Understanding SEC Form S-1: Filing and Amending Guidelines


What is SEC Form S-1?

SEC Form S-1 serves as the debut registration form for new securities mandated by the SEC for U.S.-based public companies. This form is a prerequisite for any security meeting specific criteria to be listed on a national exchange like the New York Stock Exchange. Typically, companies file SEC Form S-1 in preparation for their initial public offering (IPO). Essential details included in Form S-1 encompass the planned use of capital proceeds, a comprehensive overview of the existing business model and competitive landscape, along with a concise prospectus outlining the intended security, pricing methodology, and potential dilution effects on other listed securities.

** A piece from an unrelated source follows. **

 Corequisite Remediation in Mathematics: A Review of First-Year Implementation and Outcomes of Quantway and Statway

Also known as the registration statement under the Securities Act of 1933, SEC Form S-1 mandates the disclosure of any significant business transactions between the company, its directors, and external legal counsel. Interested investors can access S-1 filings online to conduct thorough due diligence on new offerings before they are launched.

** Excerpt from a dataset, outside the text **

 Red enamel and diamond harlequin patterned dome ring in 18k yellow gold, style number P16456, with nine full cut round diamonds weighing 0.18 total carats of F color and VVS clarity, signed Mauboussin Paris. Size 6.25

Unlike U.S. companies, foreign security issuers navigate the process using SEC Form F-1 instead of SEC Form S-1.

Key Takeaways:

  • SEC Form S-1 is a mandatory SEC registration for U.S. companies seeking a listing on a national exchange.
  • This form acts as the registration statement typically filed in conjunction with an initial public offering.
  • Any required amendments or modifications by the issuer are filed under SEC Form S-1/A.
  • The issuer holds liability for any material misrepresentations or omissions.


How to File SEC Form S-1

Companies can conveniently utilize the SEC’s online Electronic Data Gathering, Analysis, and Retrieval (EDGAR) system to submit mandatory forms, including Form S-1. To initiate this process, individuals or entities must complete a Form ID, an electronic application facilitating the acquisition of a CIK (Central Index Key) and access codes essential for filing on EDGAR. Referencing the EDGAR Filers Quick Reference Guides is advisable for navigating through all required steps, technical specifications, and FAQ resolutions.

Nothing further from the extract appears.